九月的重阳宫宴过后不久,翠果的身孕便快满八个月了,按着规制,完颜氏可递牌子进宫,陪伴女儿待产。
时隔一年再见额娘,翠果高兴得不知如何是好,她同皇上提出,想搬回永寿宫去,在这待产的最后两月,同额娘、同敏言一道住在永寿宫。
可皇帝却断然拒绝了她,说什么也不允她搬离养心殿,只道她白日可去永寿宫,但晚膳前必须回来。
翠果本又想使出胡搅蛮缠的招数,皇帝却好似终于寻到了治她这法子的门道。
他先是放缓了语气,柔声道:“朕也需要娘娘陪伴,若娘娘回了永寿宫,必定全身心都只在完颜夫人和公主身上了,将朕抛到九霄云外。”
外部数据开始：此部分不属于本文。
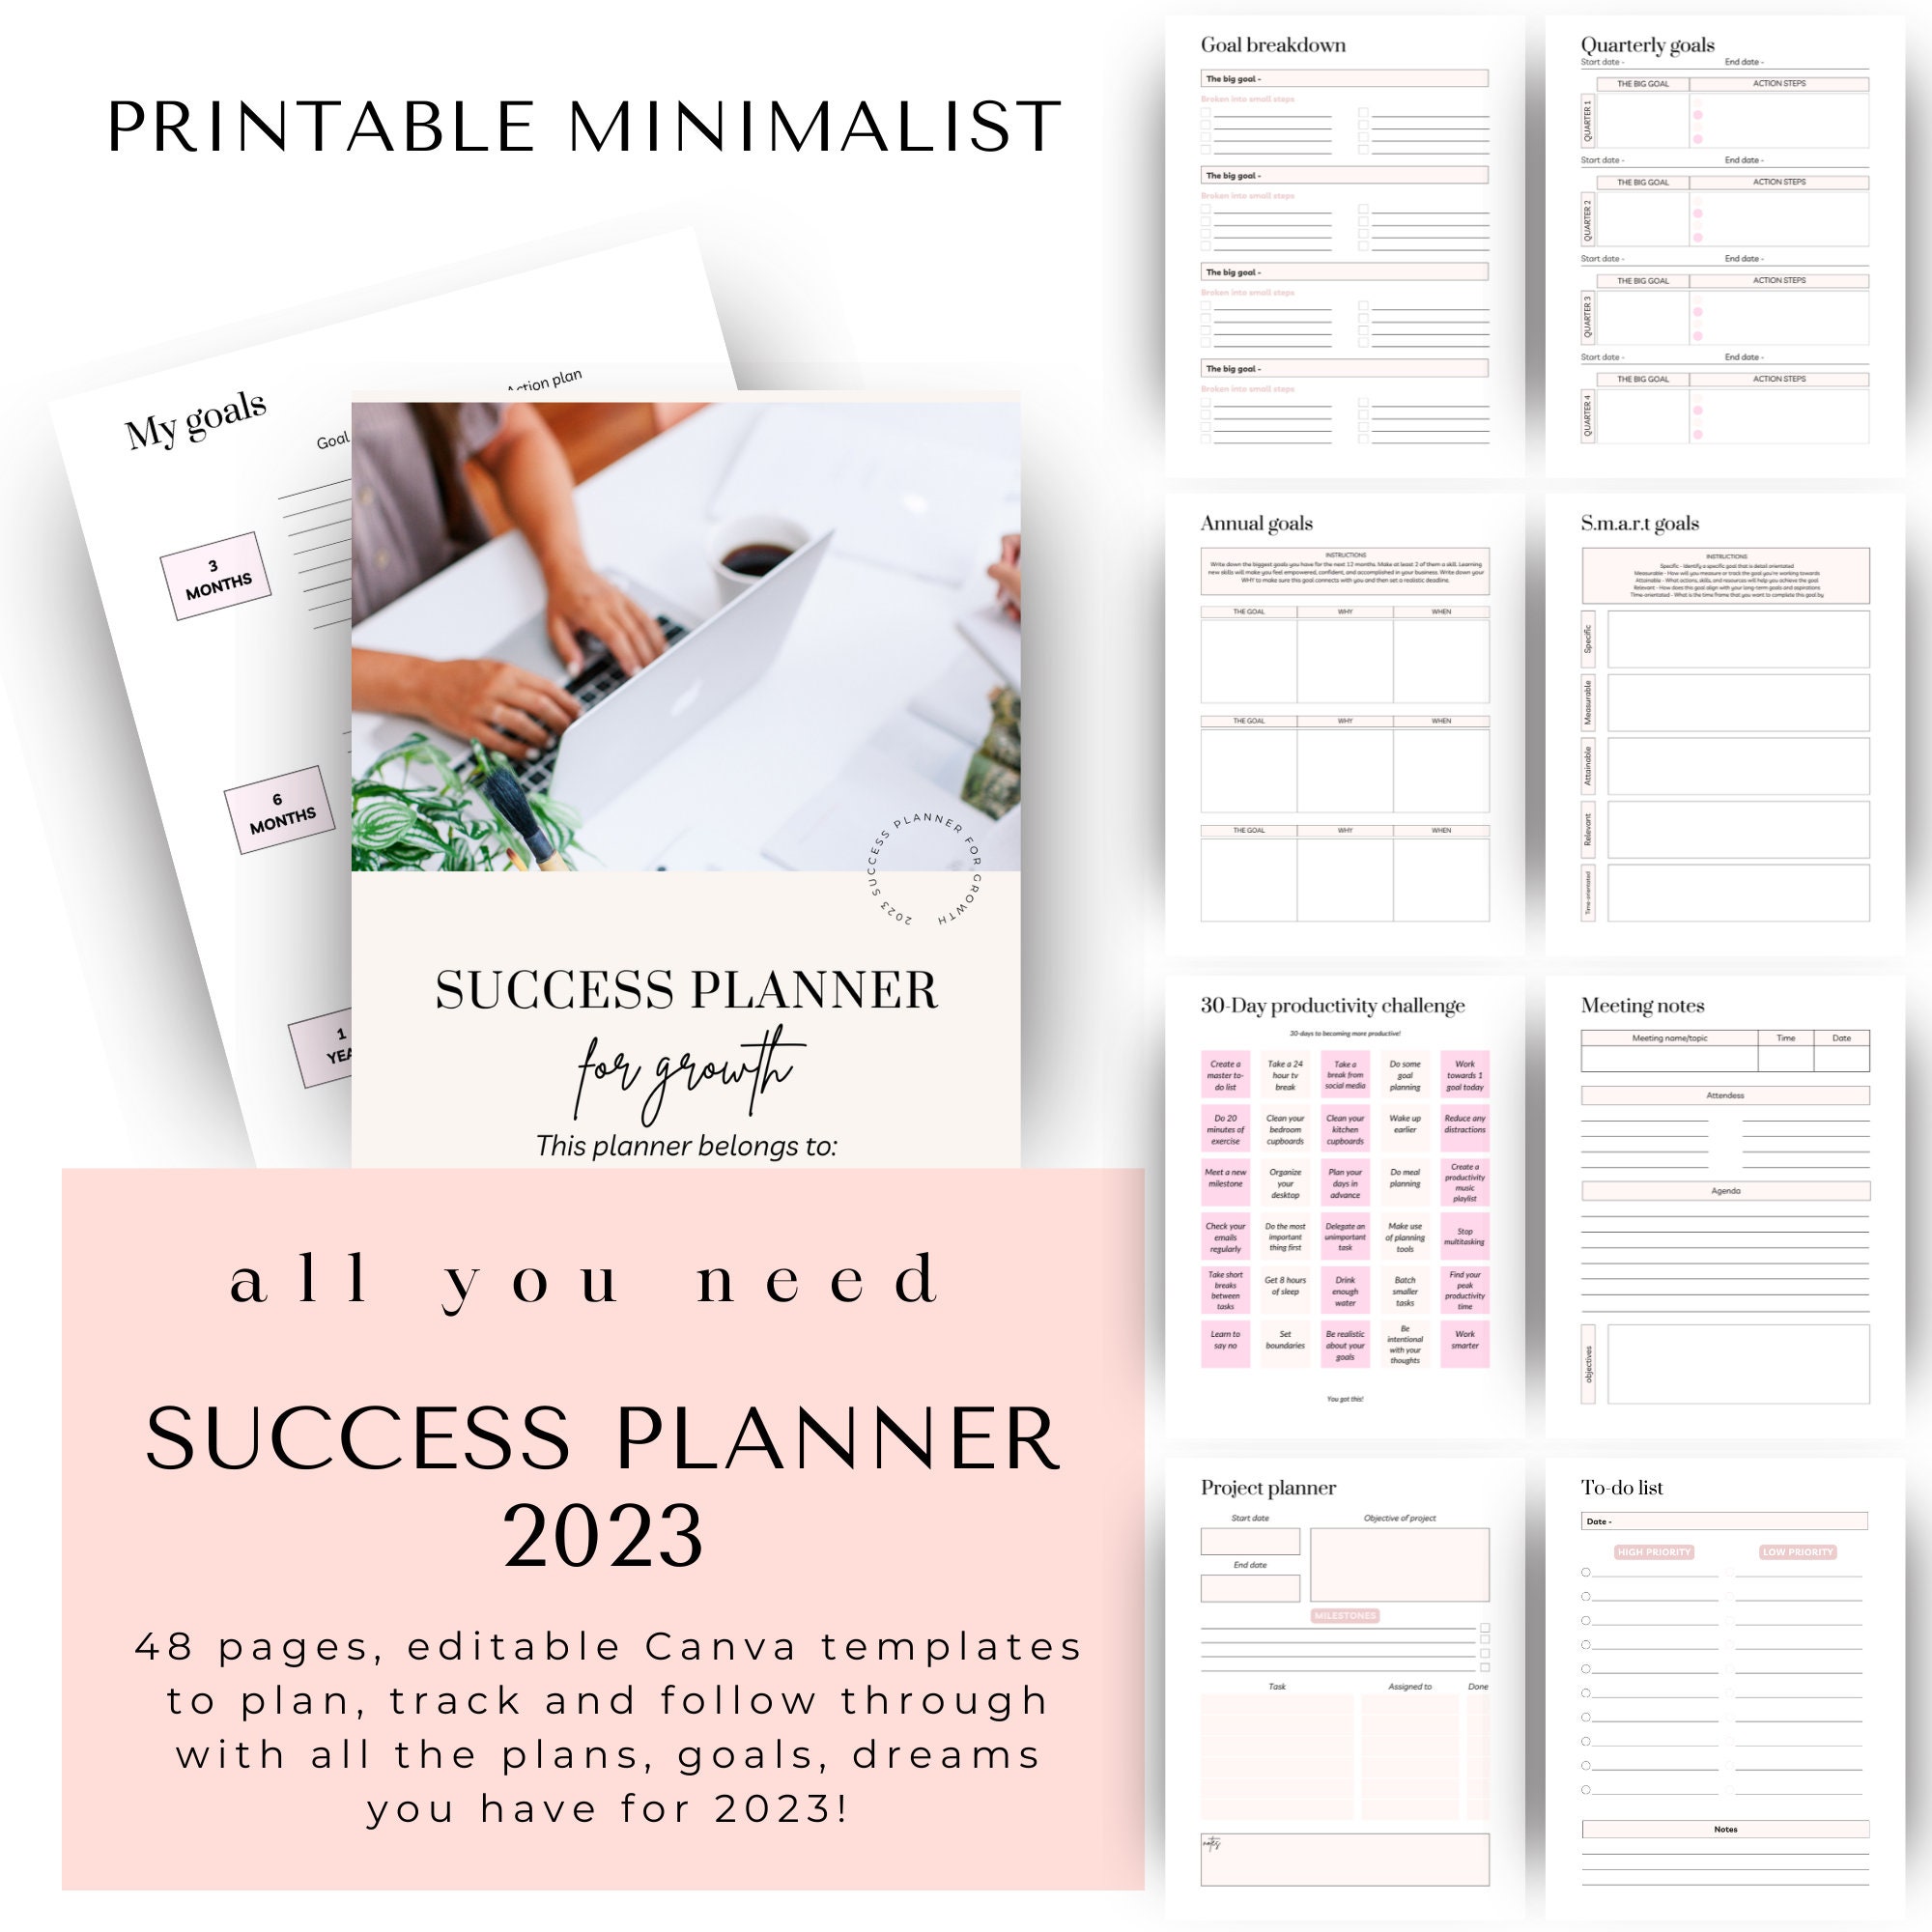 Productivity Planner - Plans, dreams and many challenges
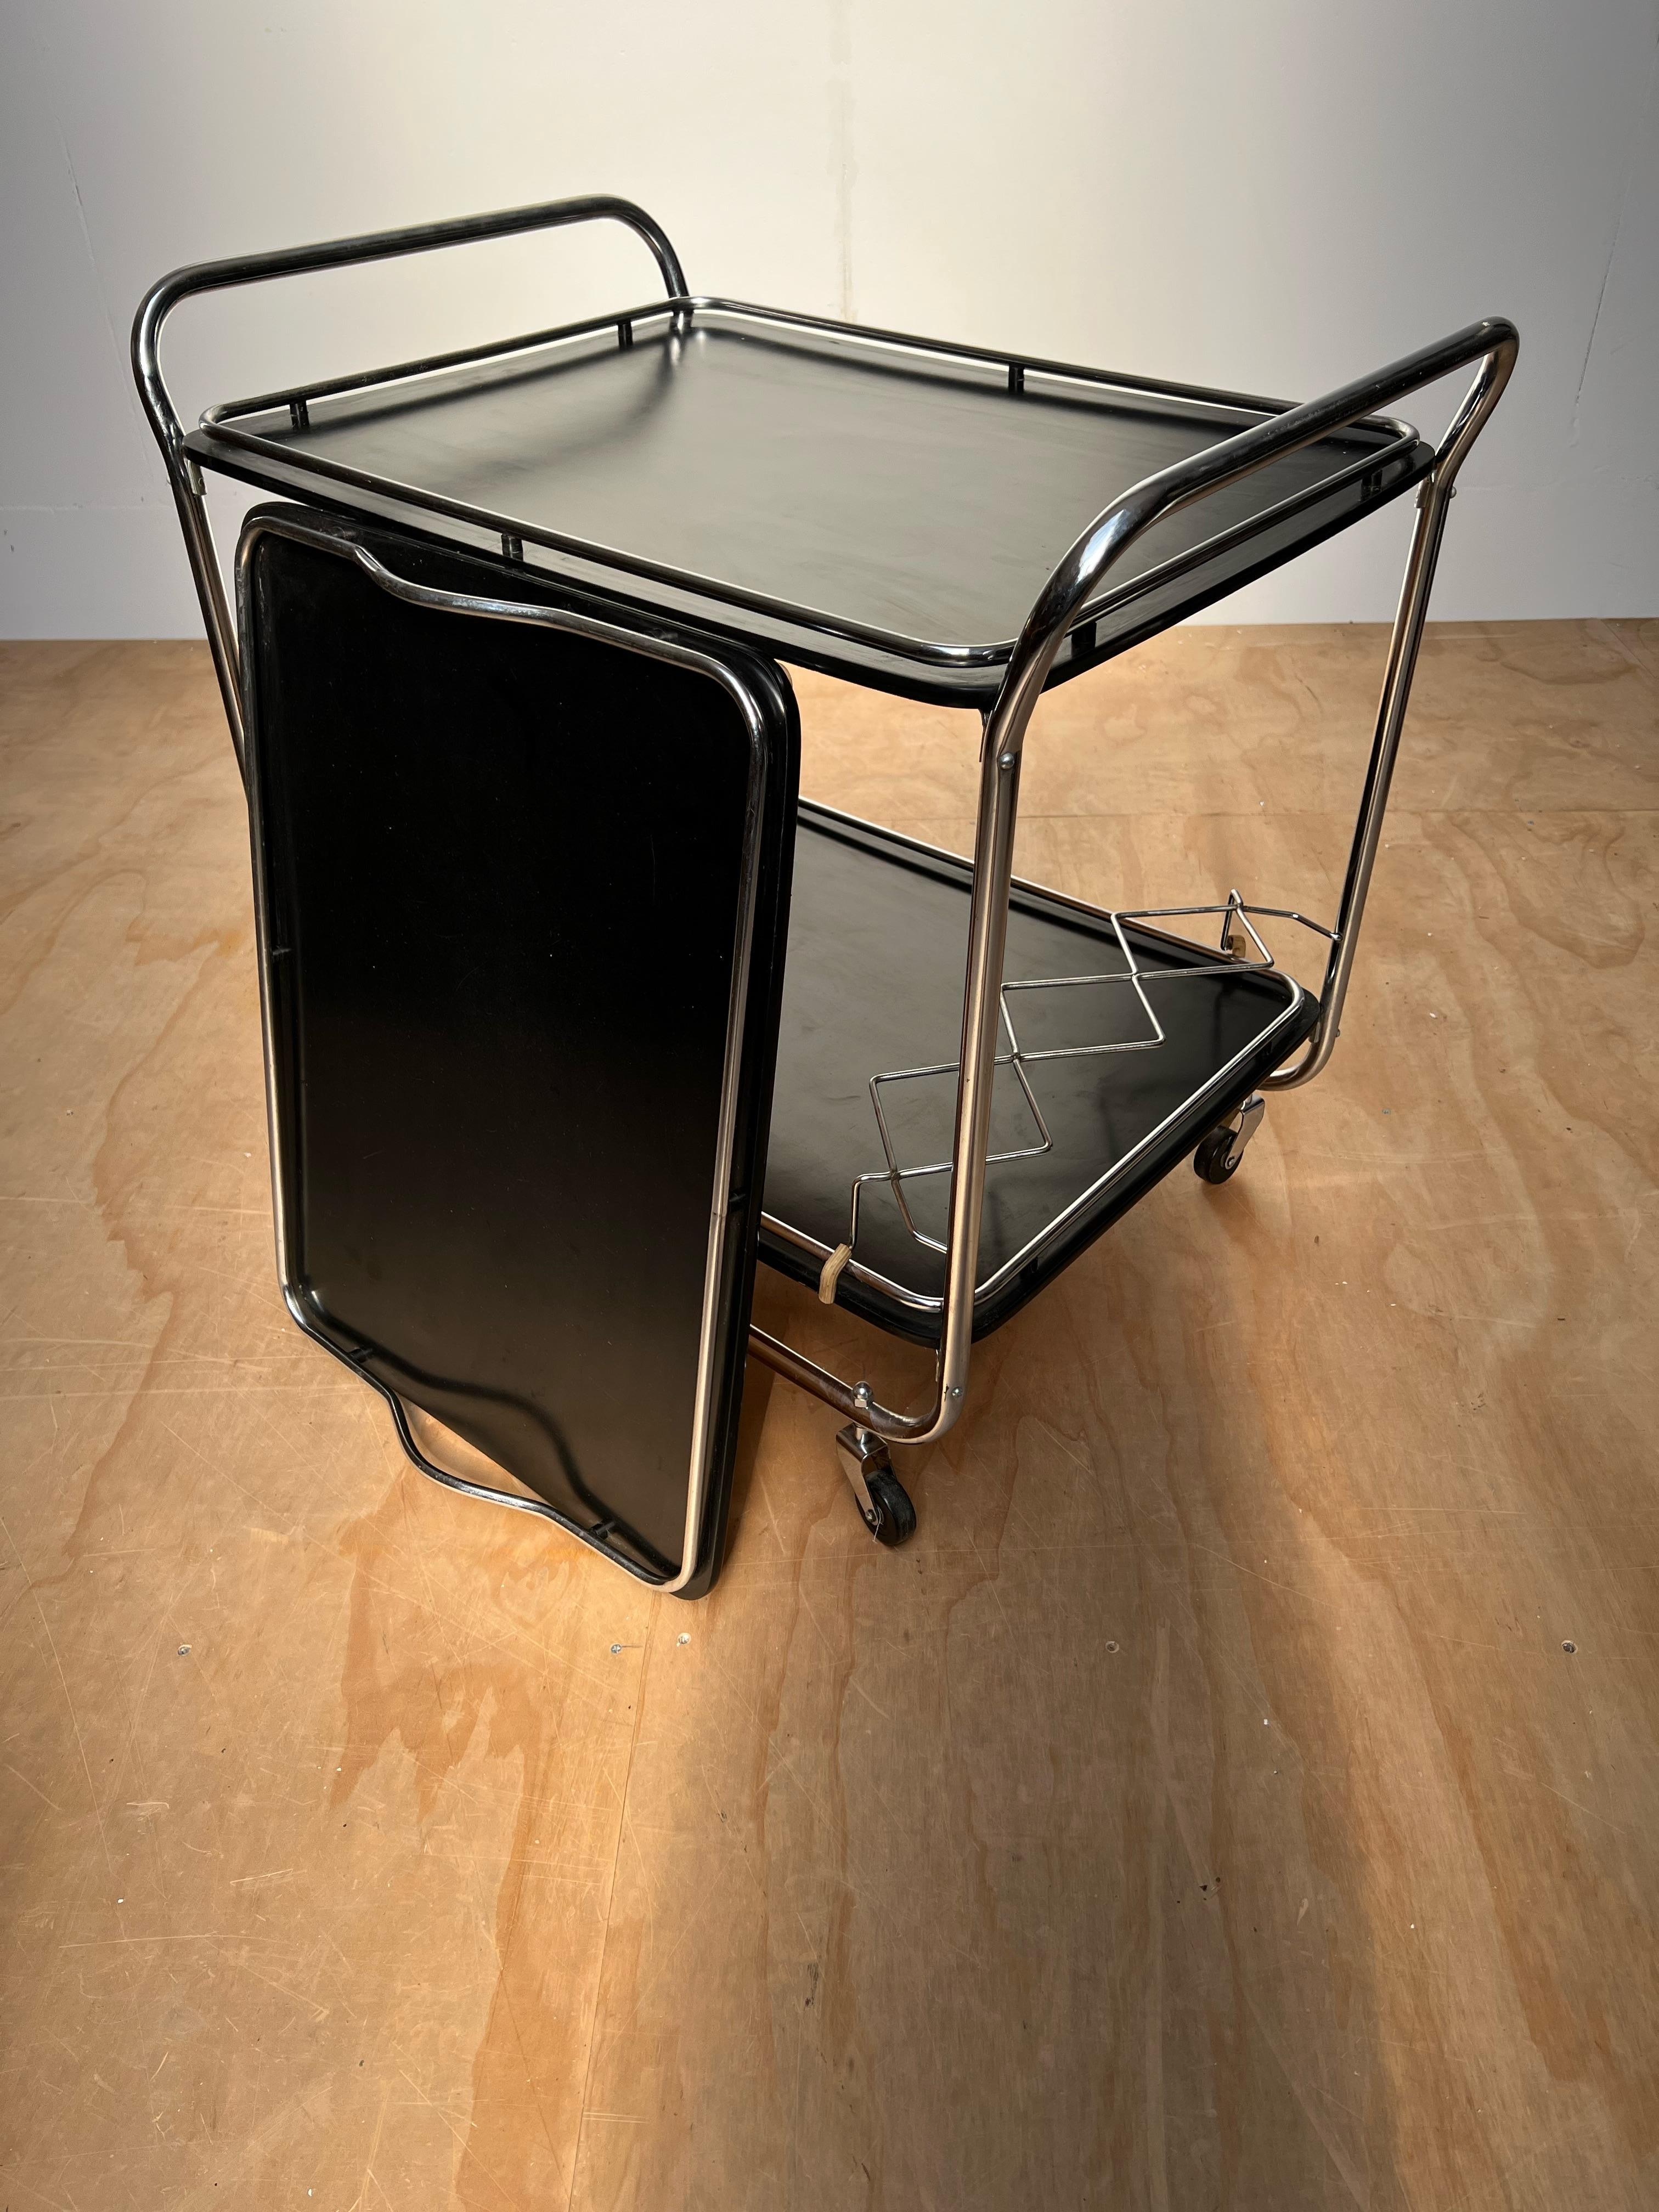 Midcentury Modern Drinks Trolley / Bar Cart w. Tray, Blackened Wood and Chrome For Sale 2

他挺拔的鼻梁轻蹭过她的脖颈,呼吸喷洒上去,有些痒,刻意压低的嗓音透着磁性,“朕也不求娘娘日夜相伴,只求娘娘入夜后回来,陪一陪朕,如此,娘娘也不肯应承朕,不肯给朕这点陪伴么?”
皇帝这般少见地放软身段,翠果也只能举手投降了,这样的皇上,她从未见过,又想着太后才去不久,自己的额娘能进宫相伴,自己欢天喜地,可皇上却再没有额娘了,她这般,似乎确实过分了些,况且皇上的要求实在不算高,只是让她晚膳前回来罢了。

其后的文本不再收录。